Lapid warns ties with Poland “severely” damaged as Holocaust restitution law advances
Foreign Minister Yair Lapid warned Poland on Friday that their actions were seriously damaging relations with Israel after a bill on Holocaust restitution was put forward in the Polish Senate.
The Senate on Friday approved a bill that will set a 10 to 30-year deadline for challenging past administrative restitution decisions. Critics of the law argue that it will effectively prevent Jews from recovering property seized before and during the Holocaust.
“The adoption of the Polish property law now in Warsaw will seriously damage our relations with Poland. Poland know full well what the right and appropriate thing to do is, ”Lapid said in his latest tack in the growing rift between the two countries.
“We are watching with great concern the progress of legislation in Poland regarding the rights to restitution of property that is stolen from victims of the Holocaust,” said Lapid.
The Senate approval came weeks after the Polish parliament passed the bill, sparking the row between Jerusalem and Warsaw.
“Every step that the legislation advances is a serious development in our eyes,” Lapid said. “We will not be dissuaded from resolutely defending the honor of the victims of the Holocaust and the preservation of their memory and their rights. “
The dispute over the law saw the two countries summon their respective envoys to express their anger at the measures and an angry back and forth between politicians.
Lapid was particularly harsh in his sentence, calling the law “immoral and disgraceful”.
In June, Polish Prime Minister Mateusz Morawiecki hit back at Lapid and vowed to push the bill forward.
“I can only say that as long as I am prime minister, Poland will not pay for German crimes: neither zloty, nor euro, nor dollar,” Morawiecki said.
Lapid at the time called Morawiecki’s insinuation that the victims and their families were looking for the money “anti-Semitic.”
“We are fighting for the memory of the victims of the Holocaust, for the pride of our people, and we will not allow any parliament to pass laws aimed at denying the Holocaust,” he said. .

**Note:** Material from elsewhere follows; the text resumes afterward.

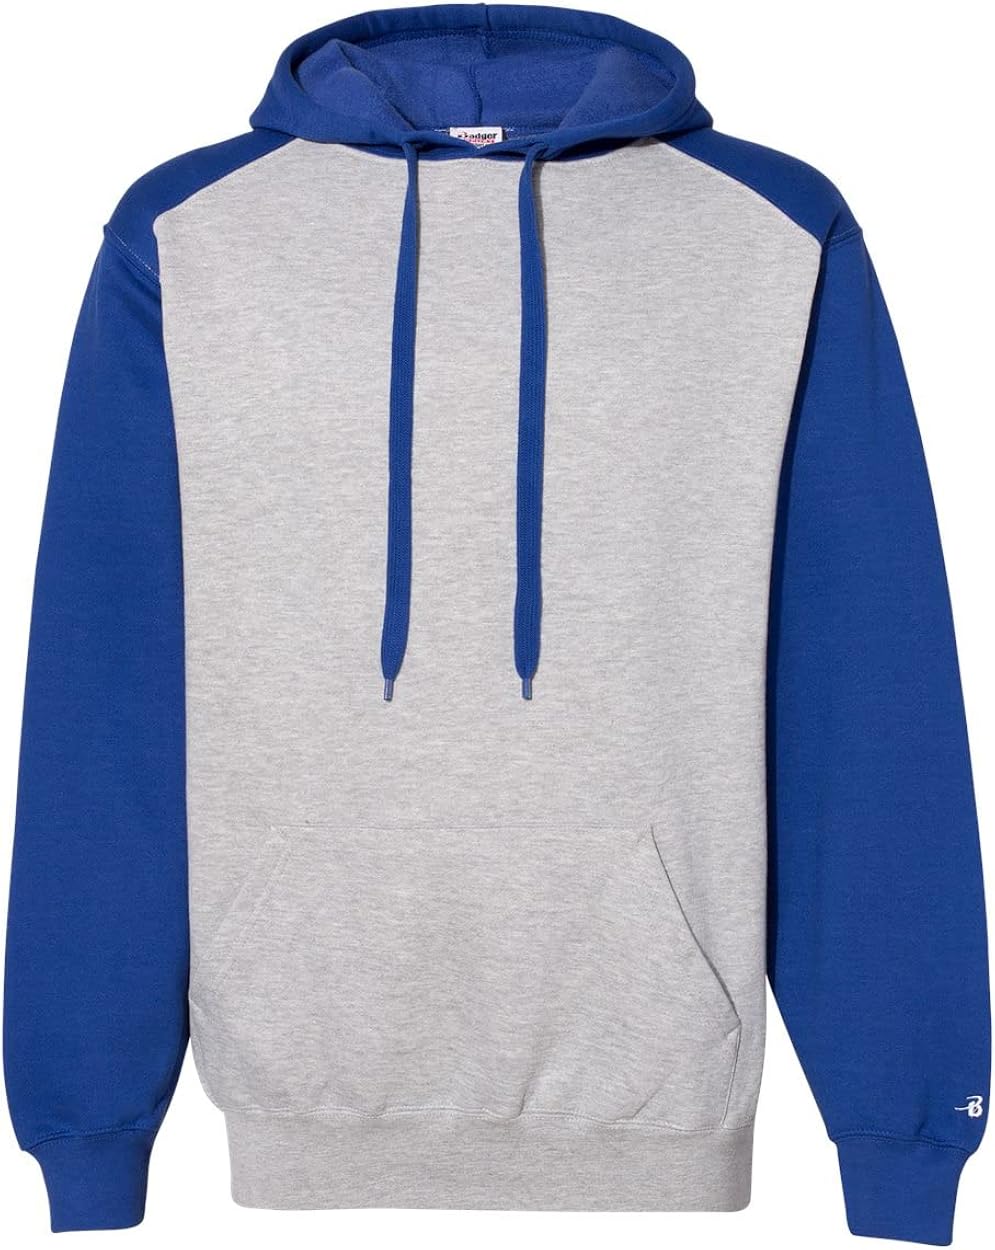 Mens Sport Athletic Fleece Hooded Sweatshirt 1249 -OxfordRoy -L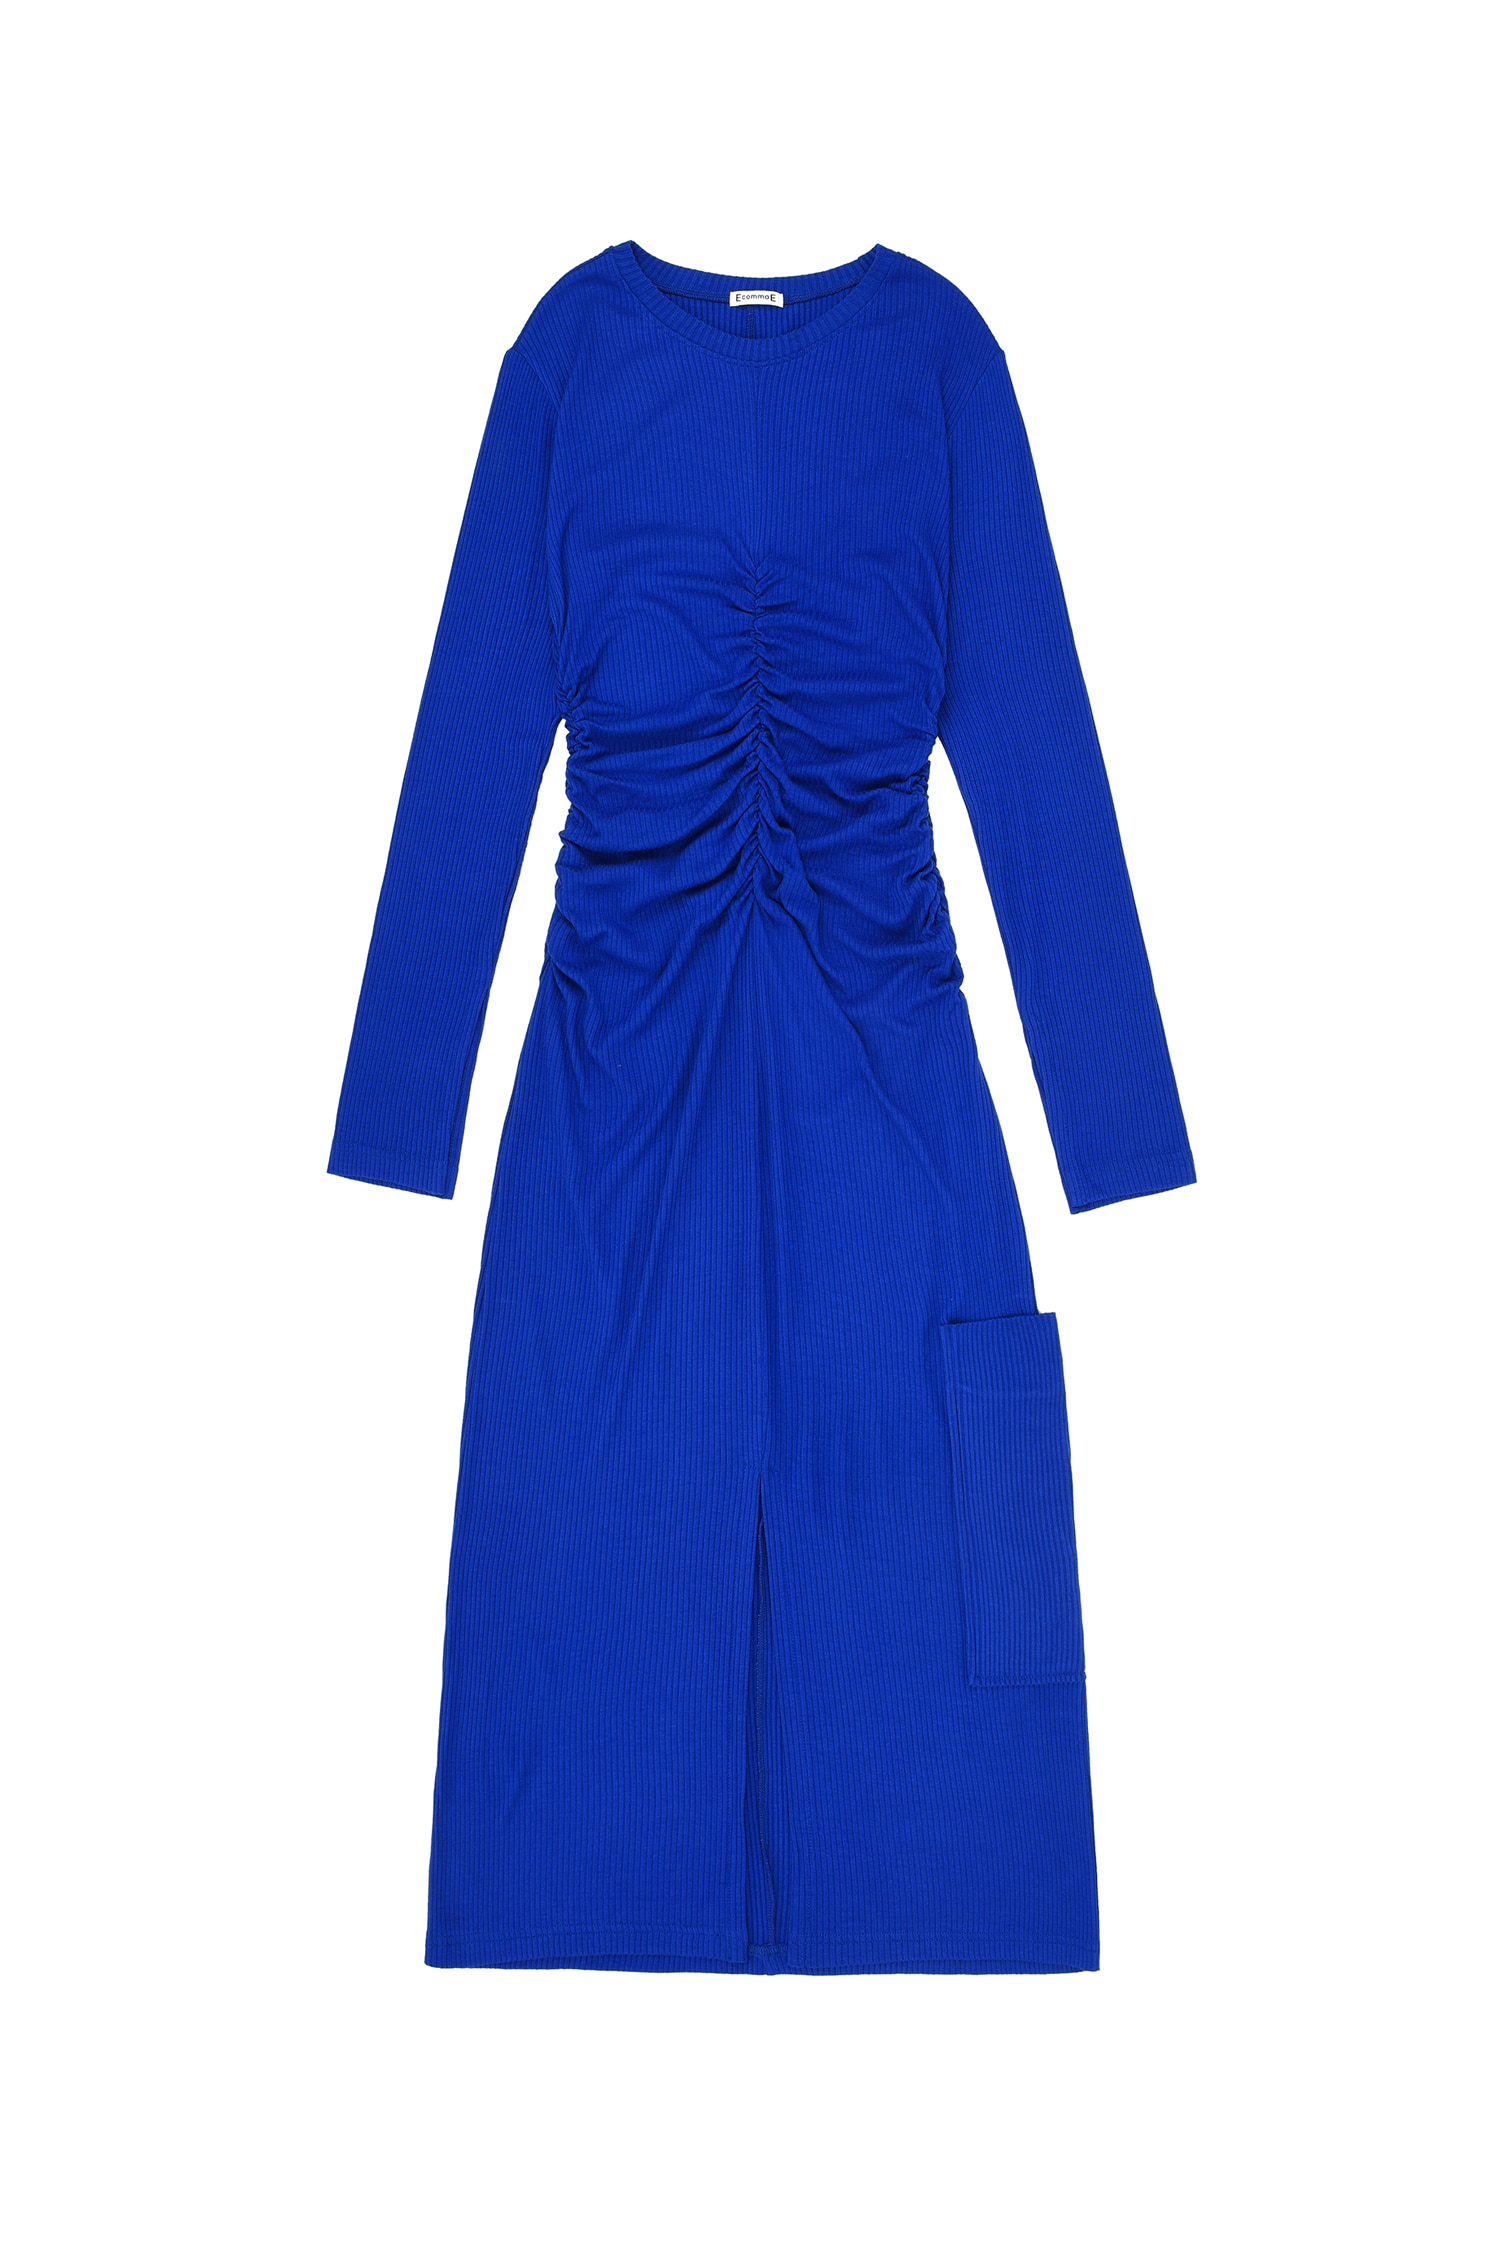 SHIRRING EASY DRESS (BLUE) (3colors)

Polish officials accused Lapid of exaggerating the issue for internal political reasons.
Poland’s Holocaust rendition is unpopular among many citizens, and Polish President Andrzej Duda campaigned against it ahead of her re-election last year. Many Polish citizens believe that claims should only be made to Nazi Germany and that it is unfair that Poland pays Holocaust-era damages.
“There will be no damages paid for property without an heir,” Duda said last year. “I will never sign a law that will privilege one ethnic group over others. Damages should be paid by whoever started the war.
Poland is the only country in the European Union that has not adopted comprehensive national legislation to return or compensate private property confiscated by the Nazis or nationalized by the Communist regime.
The issues of Holocaust rendition and revisionism have repeatedly tainted Israeli-Polish relations. In 2018, Warsaw passed a law that prohibited accusing the Polish nation or state of complicity in German Nazi war crimes. The move sparked an outcry from Israel, but the stalemate largely ended when Poland agreed to change the law to remove any criminal penalties.
In January 2020, Duda refused to attend the World Holocaust Forum in Jerusalem after he was not invited to speak at the event. A week later, at a meeting in Krakow, Israeli President Rivlin claimed that “many Poles witnessed and even aided the murder of Jews” during the Holocaust, which Poland has tried to deny, despite historical evidence.